2012-01-04  Mark Rowe  <mrowe@apple.com>

        <http://webkit.org/b/75604> All instances of JSC::ArgumentsData appear to be leaked by JSC::Arguments

        Since JSC::Arguments has an OwnPtr for a member it needs to override destroy
        to ensure that the correct destructor is invoked. This is necessary because
        JSCell subclasses all intentionally have non-virtual destructors.

        Reviewed by Filip Pizlo.

        * runtime/Arguments.cpp:
        (JSC::Arguments::destroy):
        * runtime/Arguments.h:

2012-01-04  Filip Pizlo  <fpizlo@apple.com>

        Unreviewed, accidentally turned off the JIT in previous commit. Turning
        it back on.

        * wtf/Platform.h:

2012-01-04  Filip Pizlo  <fpizlo@apple.com>

        Changed "return" to "break" in some macrology I introduced in
        http://trac.webkit.org/changeset/104086. This is a benign change, as
        "return" was technically correct for all uses of the macro.

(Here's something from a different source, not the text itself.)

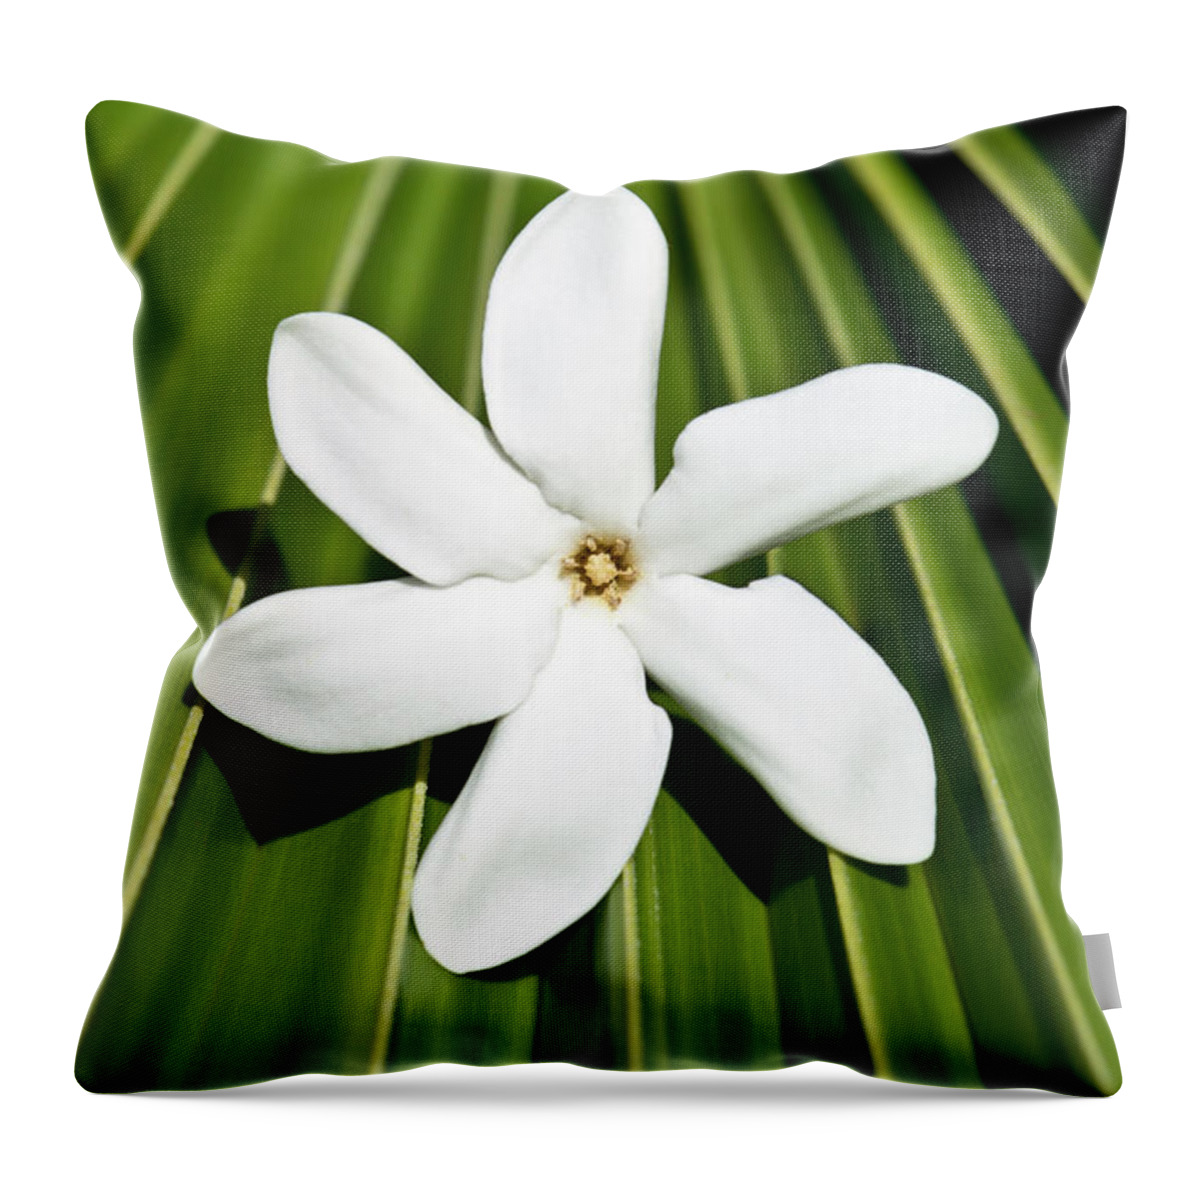 Tiare Throw Pillow featuring the photograph Tiare 2 by Tanya G Burnett

        Reviewed by Oliver Hunt.

        * dfg/DFGGraph.cpp:
        * wtf/Platform.h:

2012-01-04  Michael Saboff  <msaboff@apple.com>

        StructureStubInfo not reset when corresponding MethodCallLinkInfo is reset
        https://bugs.webkit.org/show_bug.cgi?id=75583

        Reviewed by Filip Pizlo.

        * bytecode/CodeBlock.cpp:
        (JSC::CodeBlock::finalizeUnconditionally): Find the corresponding
        StructureStubInfo and reset the appropriate JIT and
        the StructureStubInfo itself when reseting a MethodCallLinkInfo.

2012-01-04  Michael Saboff  <msaboff@apple.com>

        Invalid ASSERT() in DFGRepatch.cpp near line 385
        https://bugs.webkit.org/show_bug.cgi?id=75584

        Reviewed by Filip Pizlo.

        * dfg/DFGRepatch.cpp:
        (JSC::DFG::tryBuildGetByIDProtoList): Fixed ASSERT to use ==.

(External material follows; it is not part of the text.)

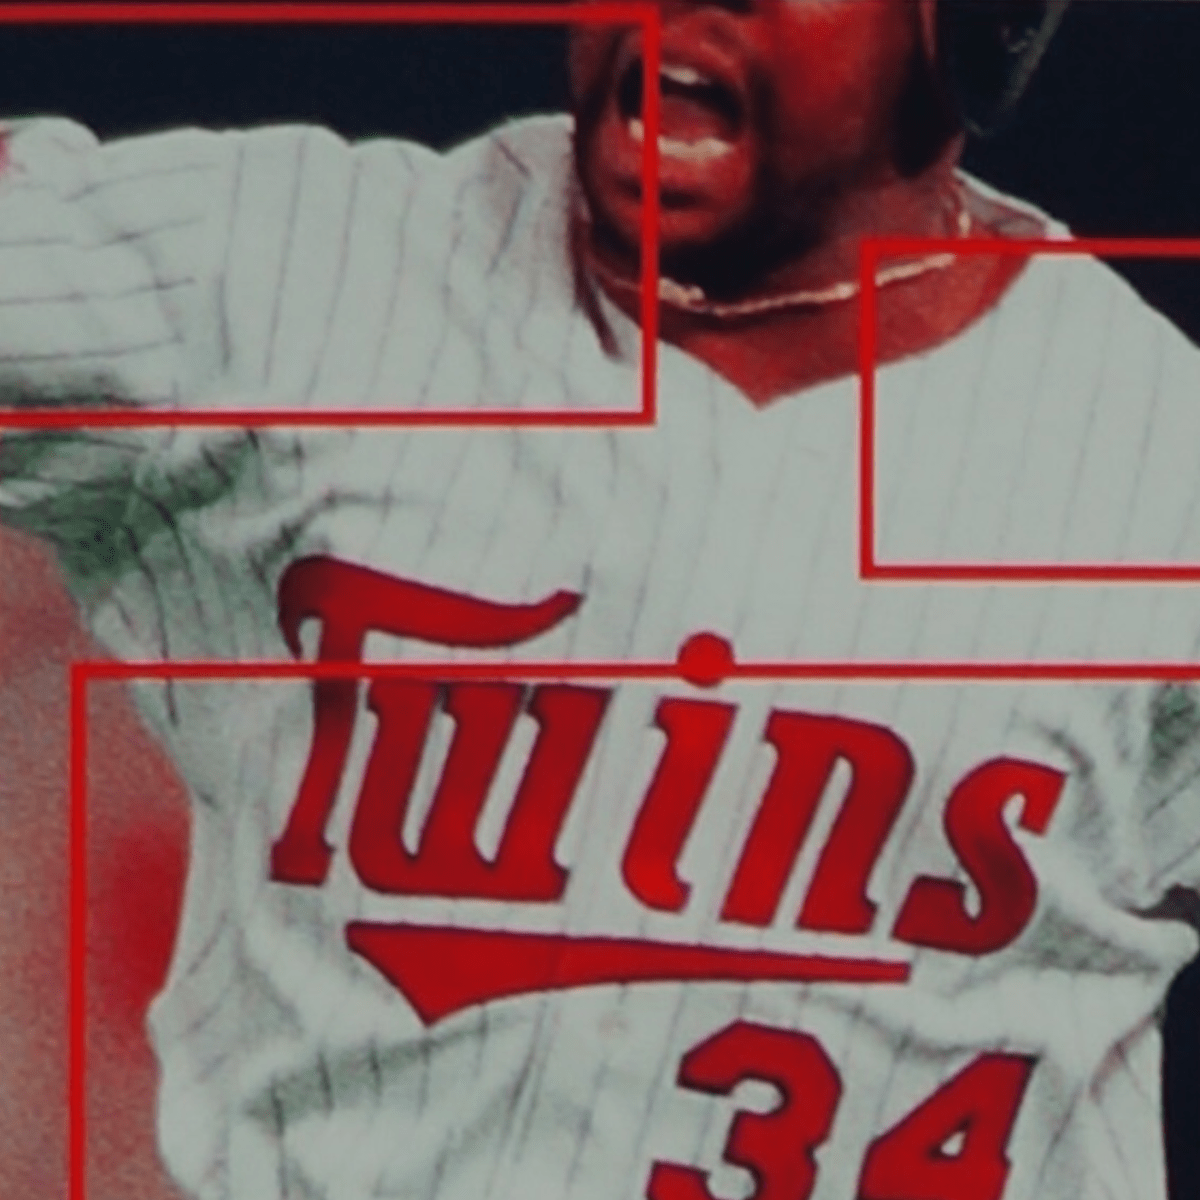 Kirby Puckett's jersey from Game 6 of the 1991 World Series up for

2012-01-04  Filip Pizlo  <fpizlo@apple.com>

        Incorrect use of DFG node reference counts when mutating the graph
        https://bugs.webkit.org/show_bug.cgi?id=75580
        <rdar://problem/10644607>

        Reviewed by Oliver Hunt.
        
        Made deref(node) follow the pattern of ref(node), which it should have
        to begin with.

        * dfg/DFGGraph.cpp:
        (JSC::DFG::Graph::refChildren):
        (JSC::DFG::Graph::derefChildren):
        * dfg/DFGGraph.h:
        (JSC::DFG::Graph::deref):
        (JSC::DFG::Graph::clearAndDerefChild1):
        (JSC::DFG::Graph::clearAndDerefChild2):
        (JSC::DFG::Graph::clearAndDerefChild3):
        * dfg/DFGNode.h:
        (JSC::DFG::Node::deref):
        * dfg/DFGPropagator.cpp:
        (JSC::DFG::Propagator::fixupNode):

2012-01-04  Tor Arne Vestbø  <tor.arne.vestbo@nokia.com>

        [Qt] Introduce new qmake variable 'WEBKIT' for signaling dependencies

        The custom qmake variable 'WEBKIT' is used for signaling that a
        target depends in some way on other subproject of the WebKit
        project. For now this is limited to the set of intermediate
        libraries: wtf, javascriptcore, webcore, and webkit2.

        This replaces the previous convension of using load(foo) for
        just include paths, and CONFIG += foo to also link against foo.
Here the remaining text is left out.